The antioxidant activity of 3D chitosan, GA, ML-3D chitosan-GA, and HL-3D chitosan–GA was determined by using the DPPH radical scavenging assay. In this assay, an antioxidant molecule reduces the DPPH radical (a deep purple compound) to diphenylpicrylhydrazine (a yellow/colorless compound), and the extent of discoloration depends on the hydrogen-donating ability of the antioxidant molecule. The results, shown in Figure 6, revealed that by increasing the 3D chitosan concentration from 0.05 to 2.55 mg/mL its scavenging activity raised up to 16.8% inhibition, in agreement with the literature data [47]. This modest inhibitory activity may be partly due to the occurrence of inter- and intra-molecular hydrogen links within the chitosan matrix [47]. On the contrary, as expected, GA showed an excellent DPPH radical-scavenging activity (92.3%), also at the lowest tested concentration (0.05 mg/mL). This activity was dramatically higher than that of 3D chitosan (0.4%), ML-3D chitosan-GA (15.2%), and HL-3D chitosan-GA (28.0%). The scavenging activity of the 3D chitosan-GA complexes increased significantly at higher concentrations, reaching 90% DPPH inhibition at 2.55 mg/mL. This value was only slightly lower than that observed for the free GA molecule (93%) at the same concentration and is significantly higher than the 80% value reported for chitosan-GA complexes obtained by GA grafting via carbodiimide coupling [28,48]. The data shown in Figure 6 refer to the experiments conducted using ML- and HL-3D chitosan–GA preparations which were dried for seven days before measurements.

With the aim of assessing the antioxidant activity of GA at ecofriendly working conditions, we evaluated its antioxidant activity at neutral (pH 7.0) and close neutral pH (pH 6.0) for two different concentrations (15.0 and 23.5 mM). The results, reported in Figure 7, demonstrated that GA solutions possess significant antioxidant activity also at pH 6.0, reaching 80% DPPH inhibition at the highest tested GA concentration.

3.4. Antibacterial Activity

To test the antimicrobial capacity of 3D chitosan-GA complexes against Gram-negative and Gram-positive bacteria, seven days-dried HL-3D chitosan-GA complexes were mixed with E. coli (G–) and S. aureus (G+) cultures that were selected as the model strains.
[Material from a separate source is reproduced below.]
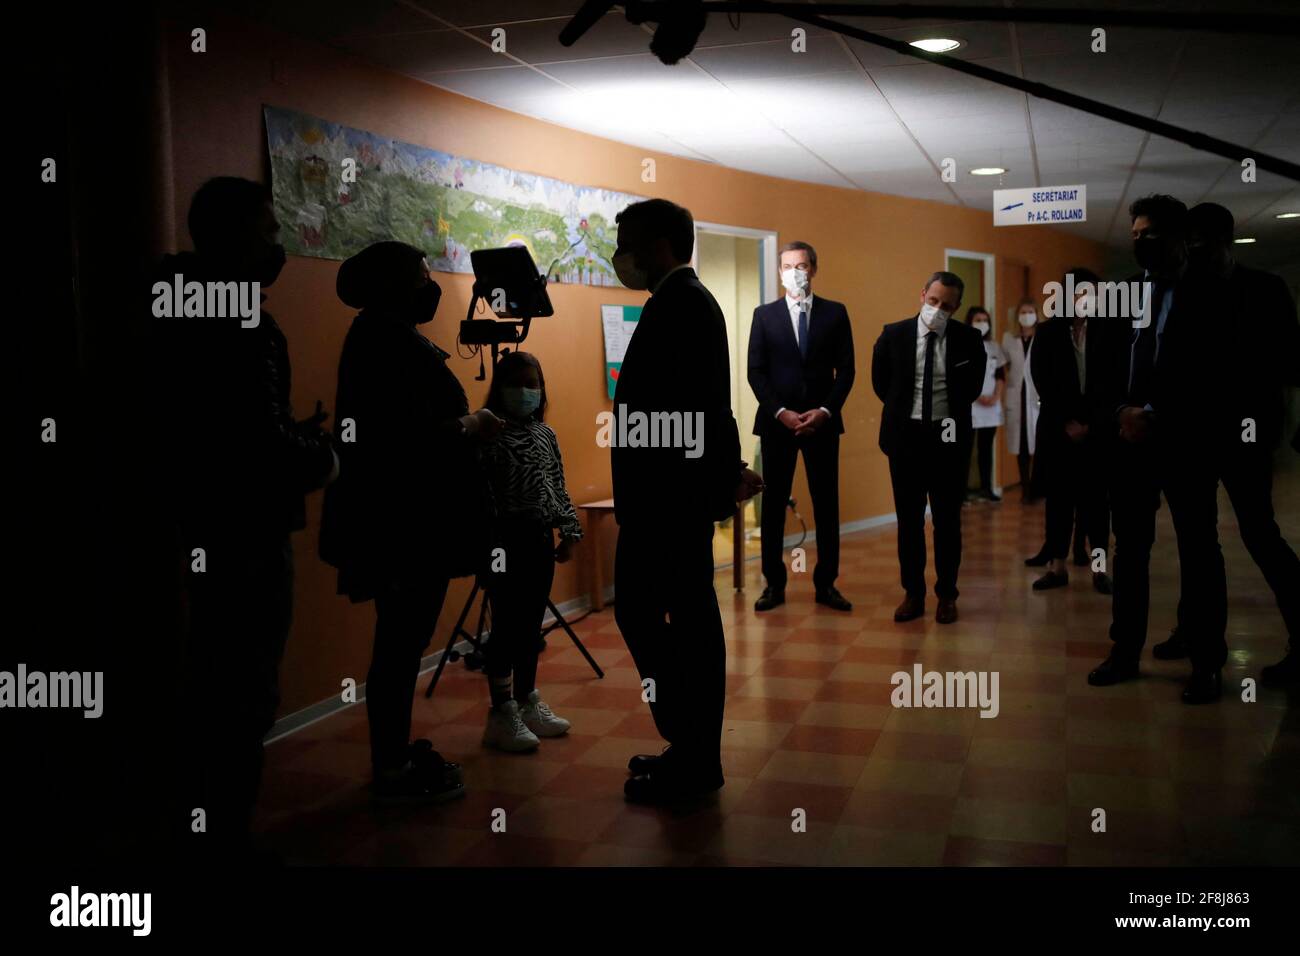 French President Emmanuel Macron visits a child psychiatry department at Reims hospital to discuss the psychological impact of the COVID-19 crisis and the lockdown on children and teenagers in France, April 14, 2021. Photo by Christian Hartmann/Pool/ABACAPRESS.COM Stock Photo

The effect of two different concentrations (0.5 and 1.0 mg/mL) of HL-3D chitosan-GA against the two bacterial strains is displayed in Figure 8 in comparison with that of 3D chitosan and GA alone.

GA, rather than the chitosan, inhibited the bacteria growth both at 1.0 and 0.5 mg/mL. 3D chitosan–GA complexes demonstrated significantly higher antimicrobial capacity, with an inhibition percentage of around 83% (p < 0.001 for E. coli, p < 0.0001 for S. aureus) (Figure 8, bars B and C), than 3D chitosan alone (Figure 8, bars D), regardless of the bacterial strain and concentration used, indicating that the adsorption of GA effectively increases the antimicrobial activity of 3D chitosan. Borges et al. (2013) [49] reported that ferulic acid and gallic acid led to irreversible changes in membrane properties (charge, intra and extracellular permeability, and physicochemical properties) through hydrophobicity changes, decrease in negative surface charge, and occurrence of local rupture or pore formation in the cell membranes with consequent leakage of essential intracellular constituents.

4. Conclusions

In the present study, we have reported the preparation of non-covalent 3D chitosan–GA complexes using a simple, sustainable, and eco-friendly adsorption procedure. The successful incorporation of GA into the 3D chitosan structure was confirmed by FTIR, NMR, and compression tests. Loading and releasing studies performed at various pH indicated 4.0 and 6.0 as the optimal loading and releasing pH, respectively. Up to 2015 mmol GA/kg were incorporated when 3D chitosan was incubated with 23.5 mM GA at pH 4.0. More importantly, we confirmed that the 3D chitosan-adsorbed GA retains its antioxidant and antimicrobial activities, as demonstrated by DPPH and inhibitory assays on selected Gram + and Gram – bacteria strains. Considering the benefits offered by the incorporation of actives into chitosan matrixes (i.e., chemical protection and prolonged release), we believe that the approach proposed here may find proficuous application in the food industry, as well as in the nutraceutical, pharmaceutical and cosmeceutical fields.